#### GIVEN MATERIAL
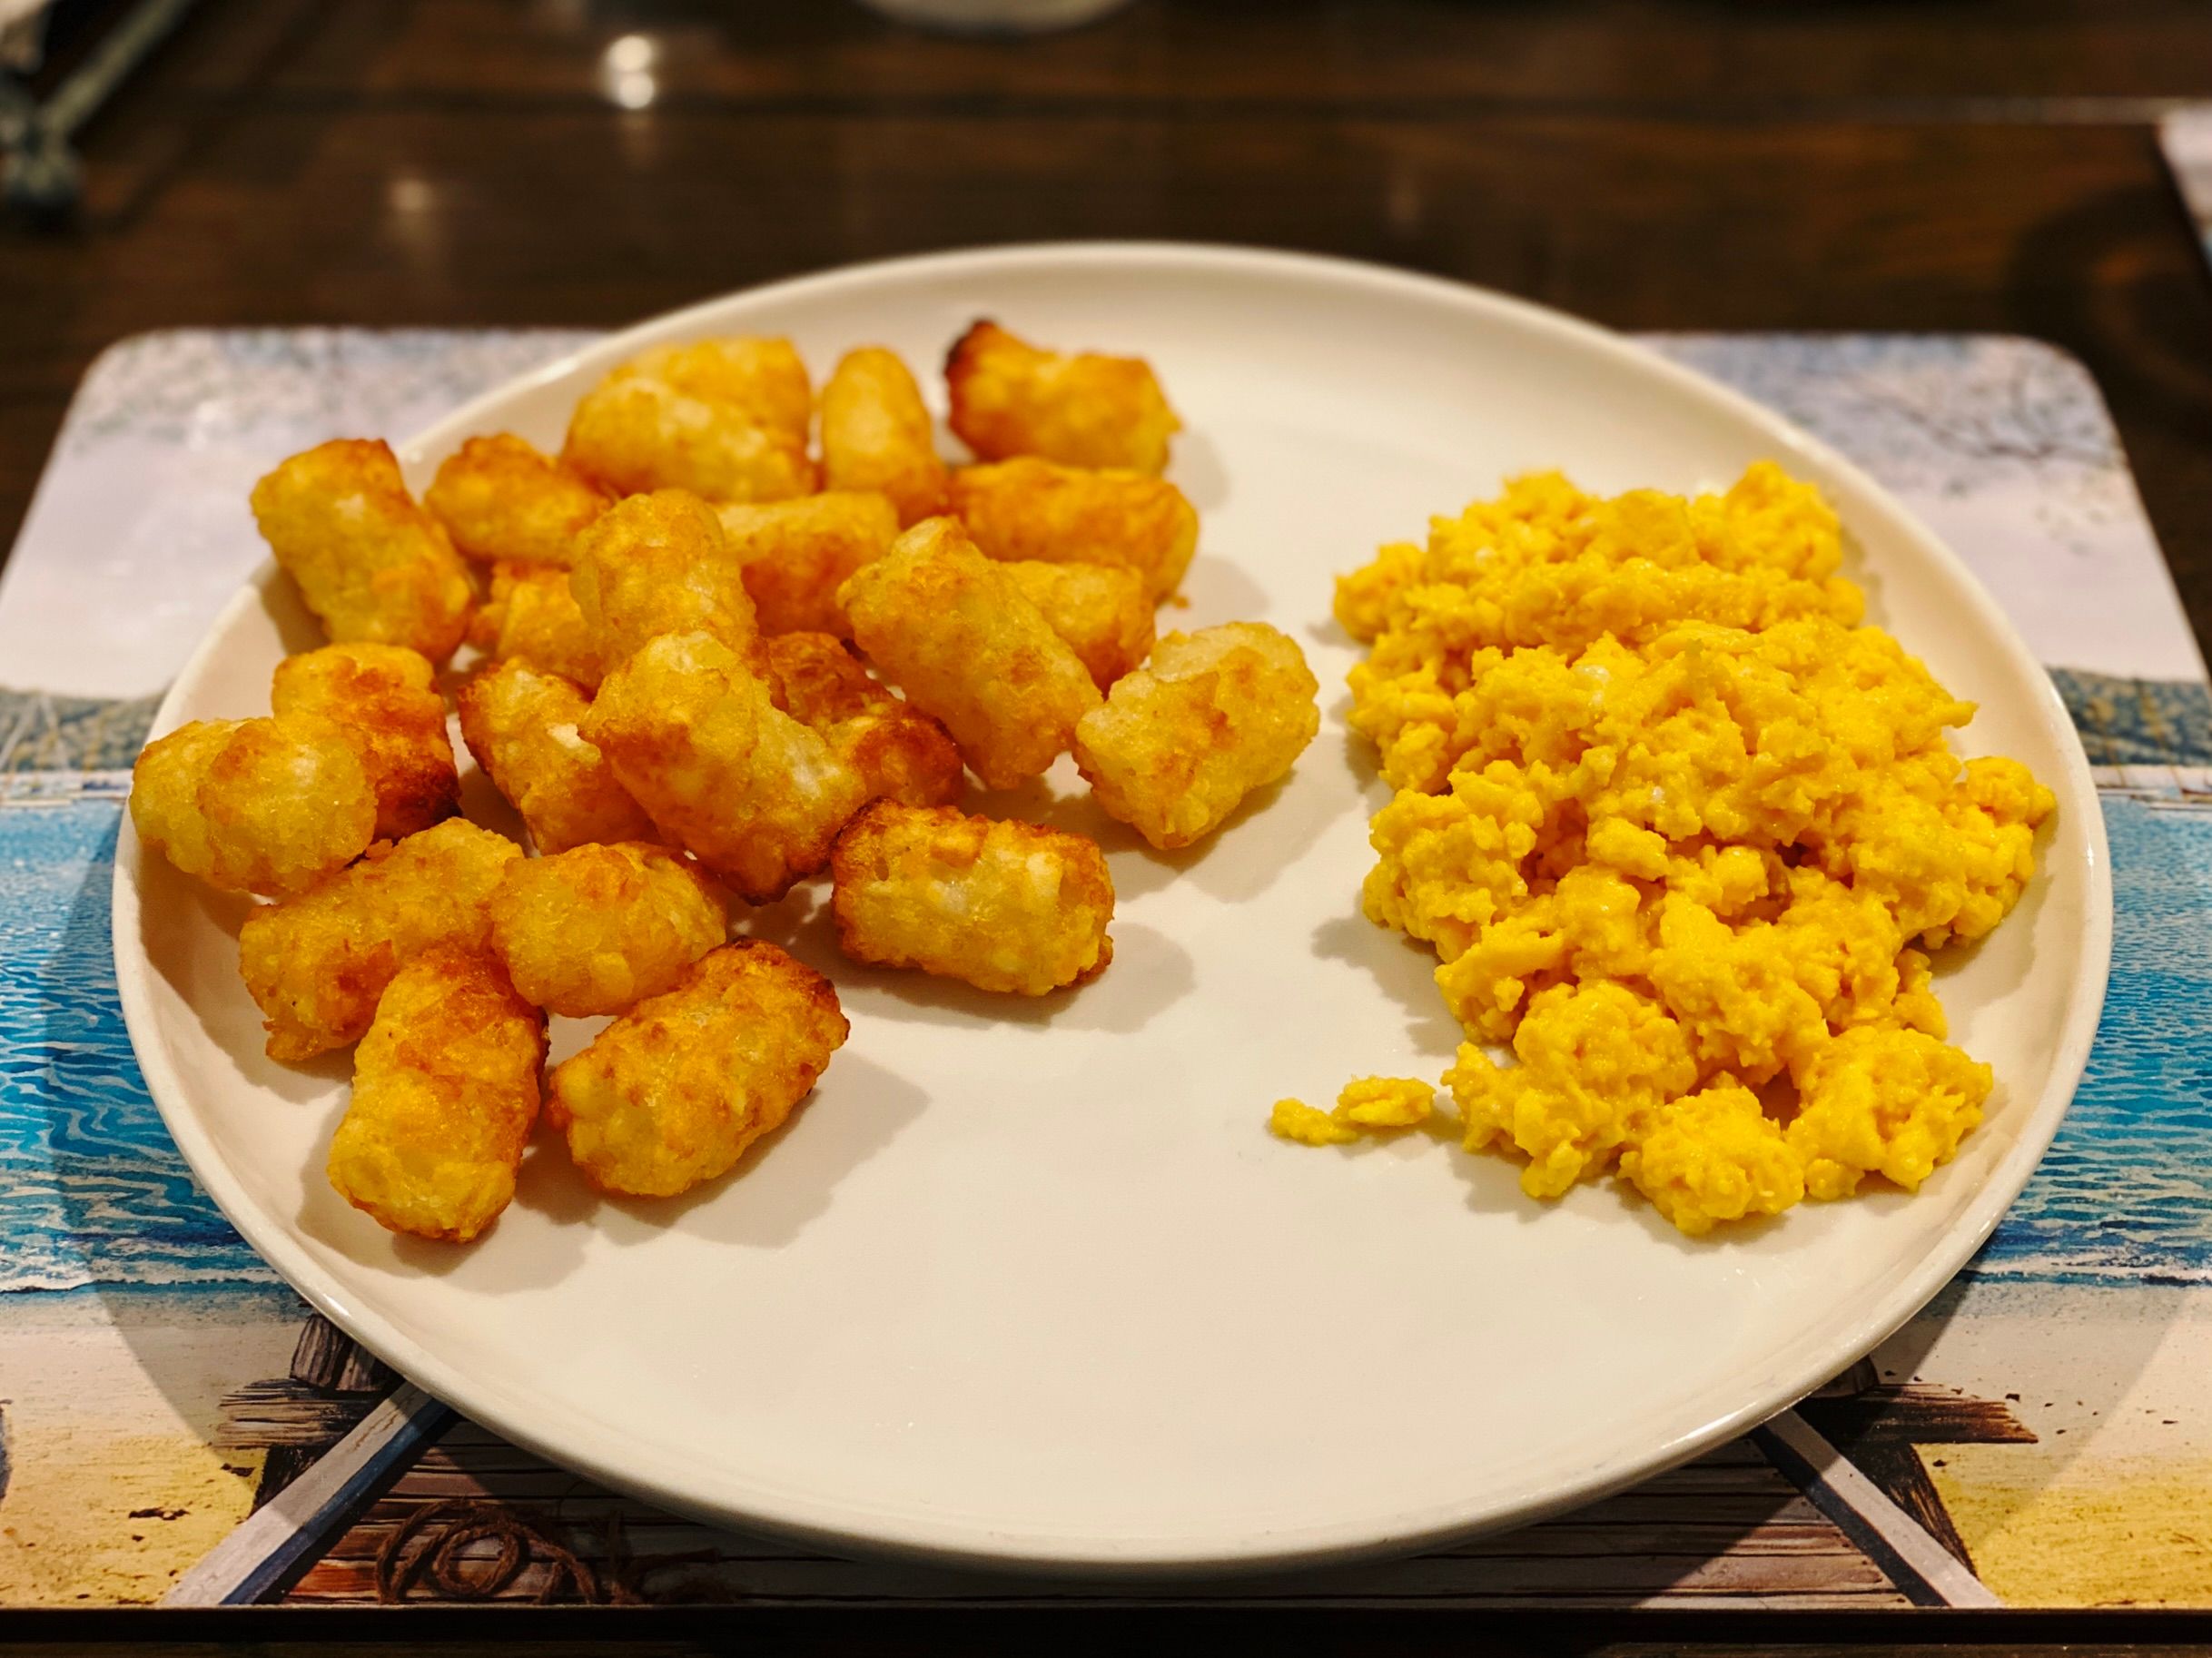 A photo of scrambled eggs and potato gems sitting on a plate. The potato gems are golden-brown and crispy, and the eggs are fluffy.
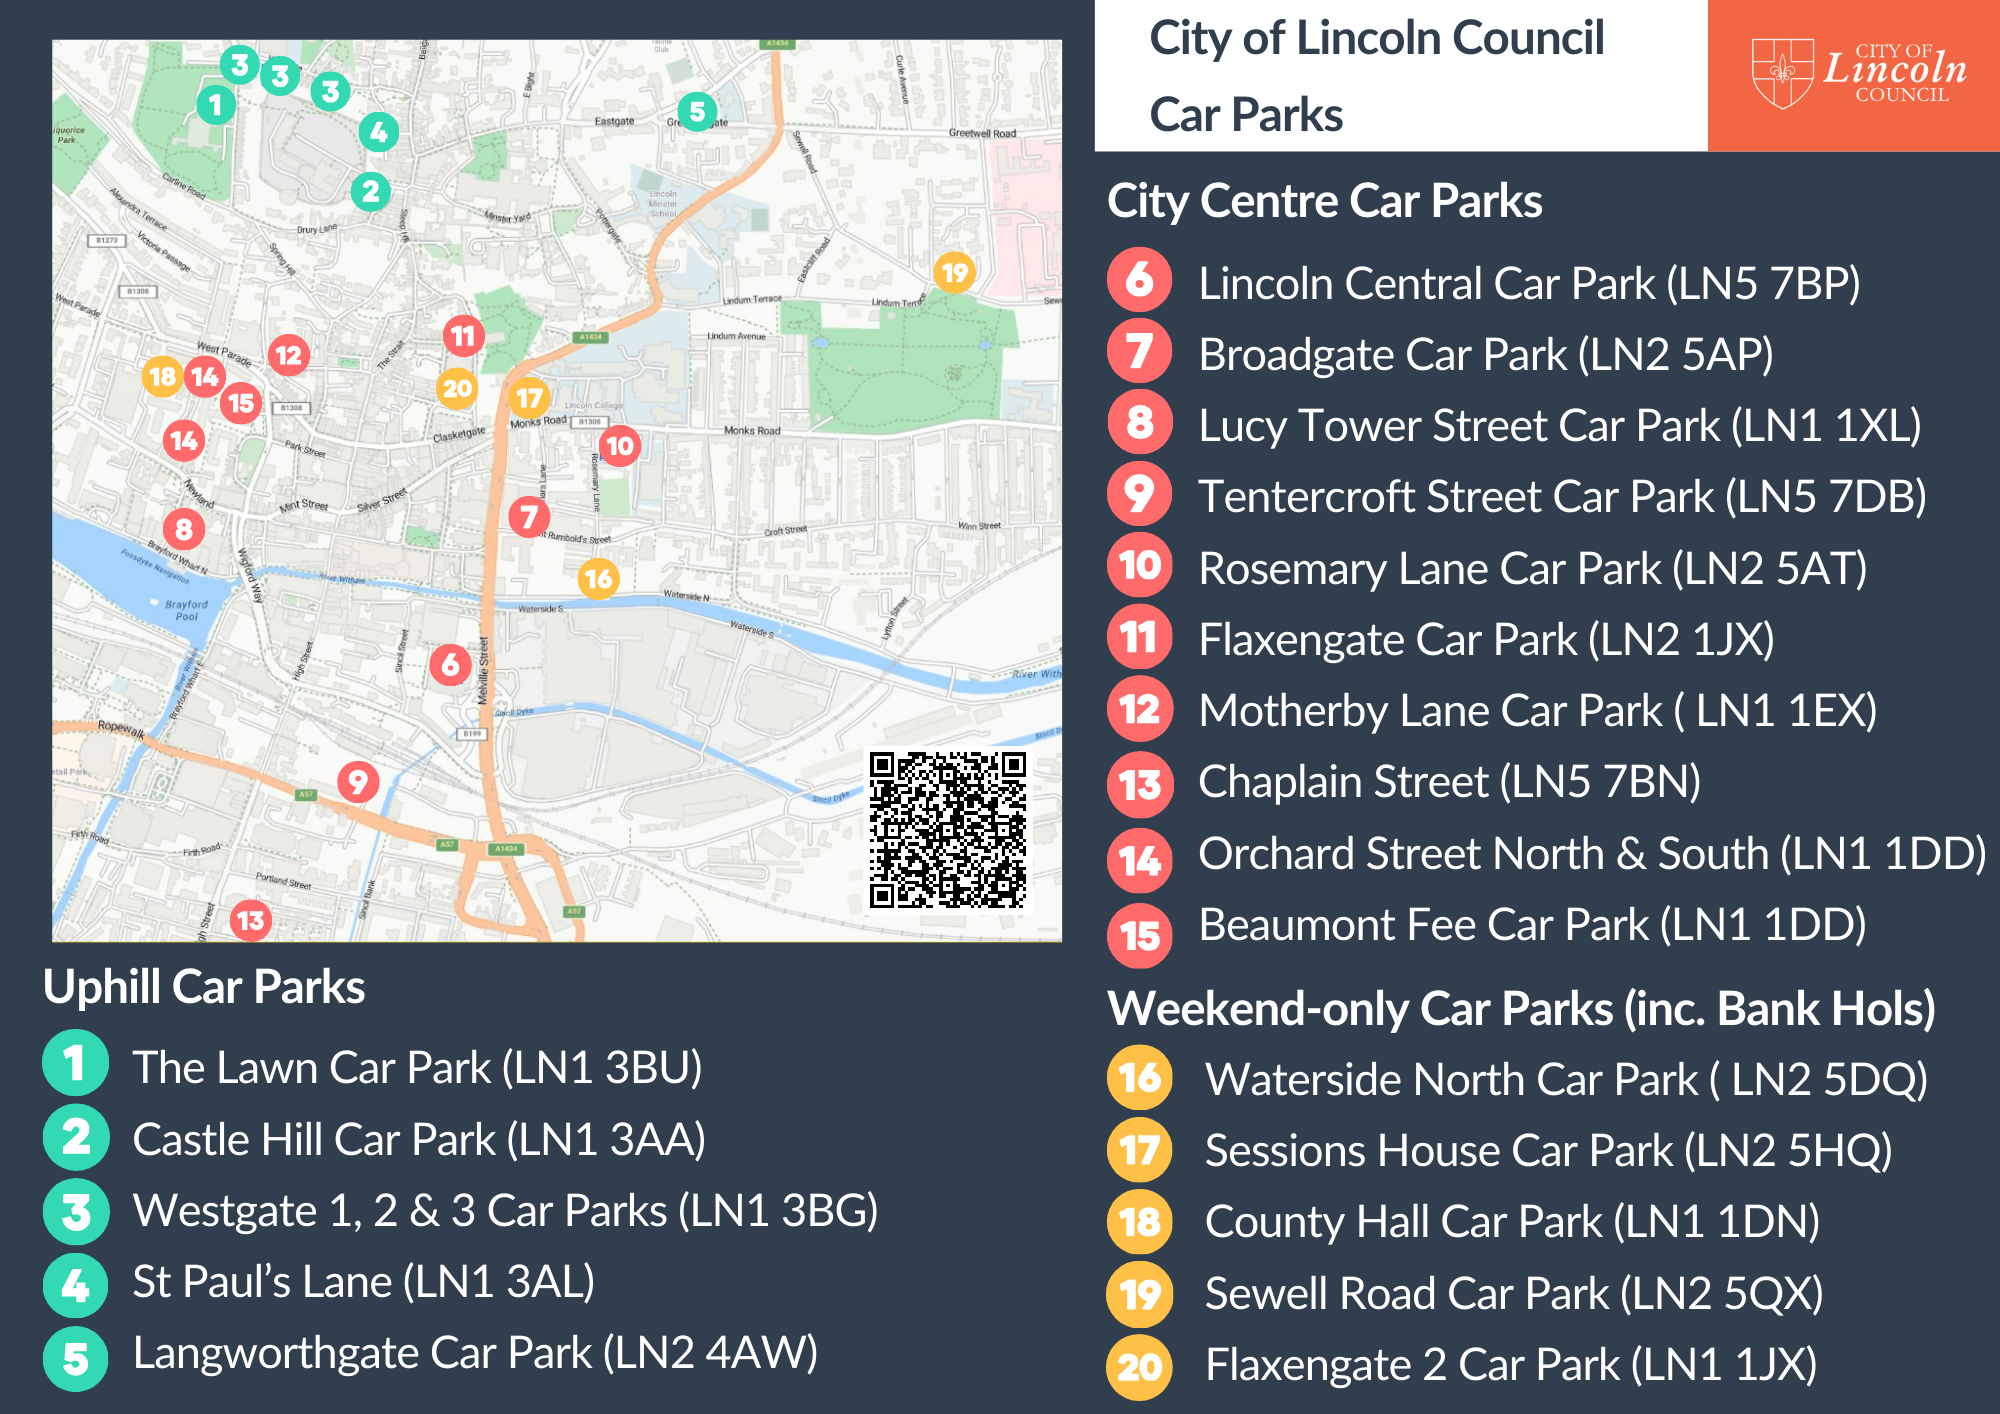 Map of Lincoln with list of City of Lincoln car parks
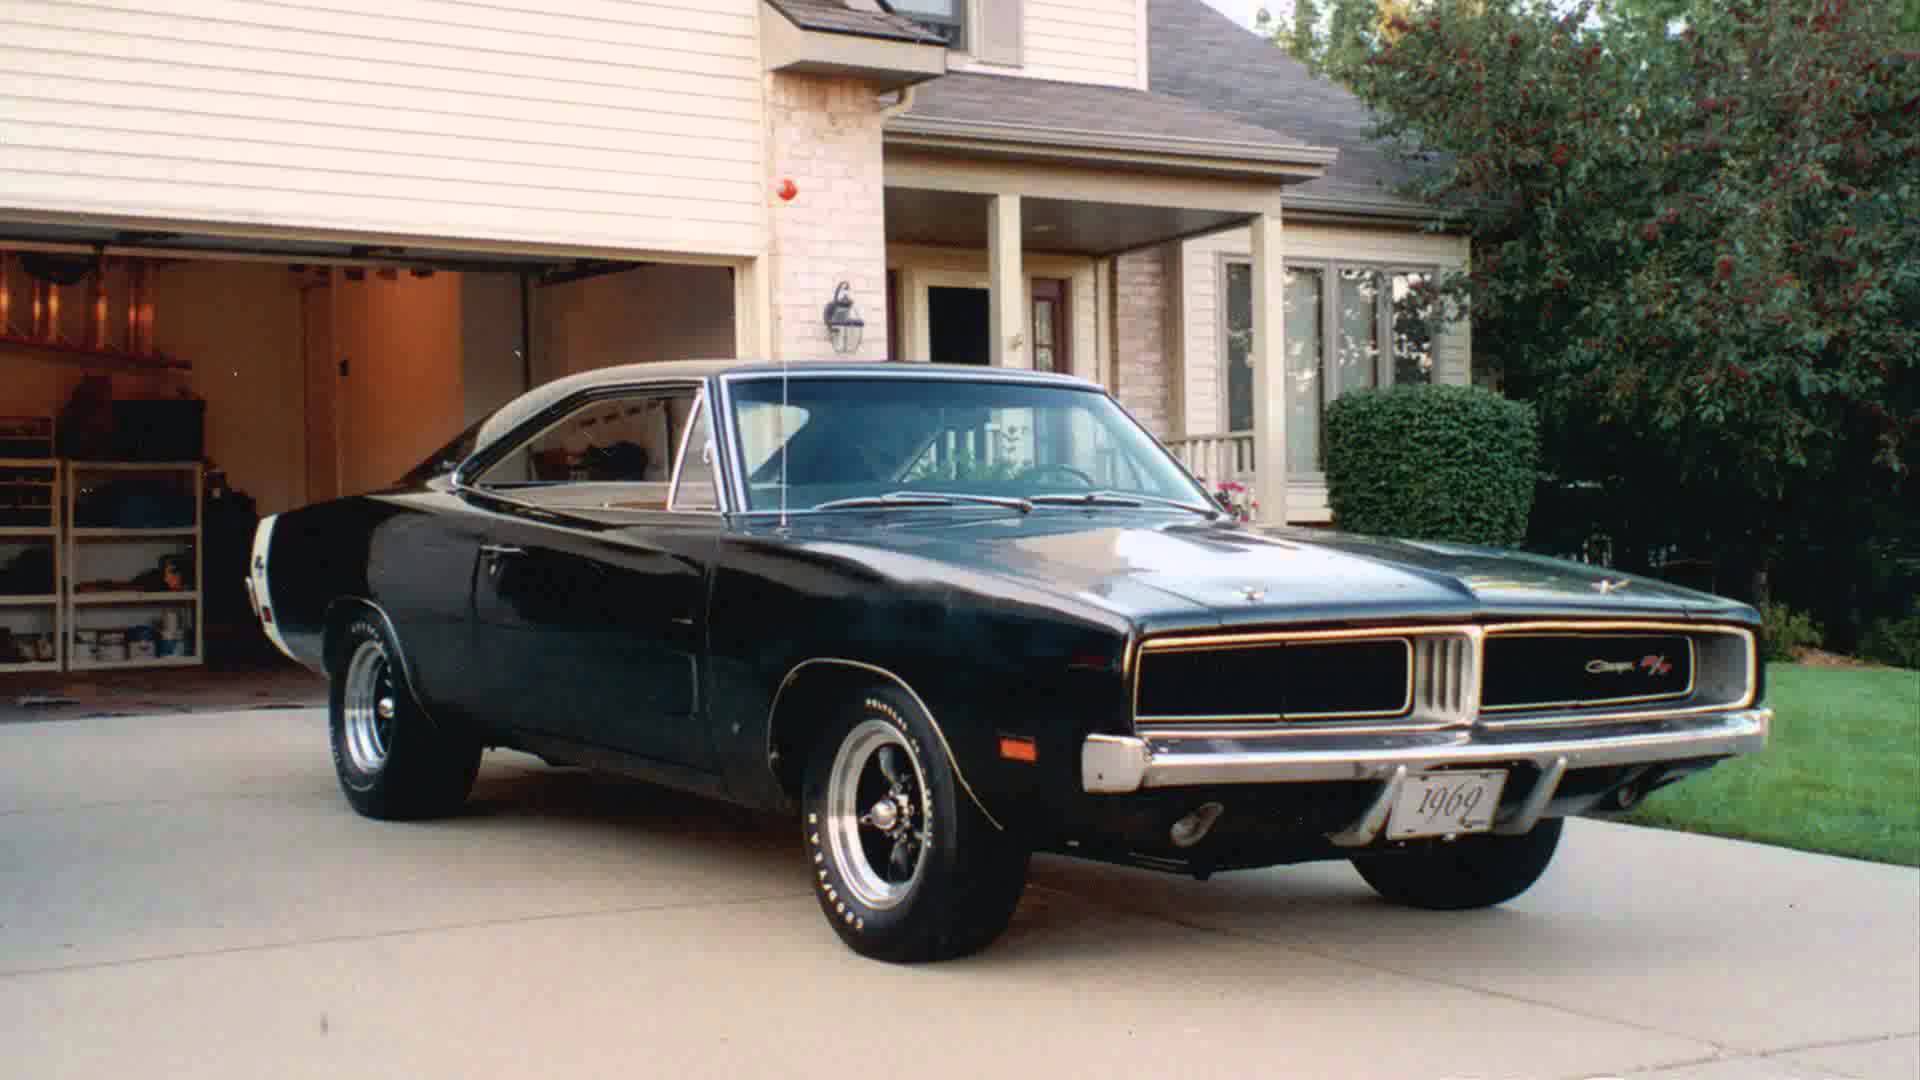 Dodge Charger RT Backgrounds, Compatible - PC, Mobile, Gadgets| 1920x1080 px

#### TASK DESCRIPTION
Down to the final line, restate the material above word for word, but omit its pictures.

#### SOLUTION TO THIS TASK
 A photo of scrambled eggs and potato gems sitting on a plate. The potato gems are golden-brown and crispy, and the eggs are fluffy.
 Map of Lincoln with list of City of Lincoln car parks
 Dodge Charger RT Backgrounds, Compatible - PC, Mobile, Gadgets| 1920x1080 px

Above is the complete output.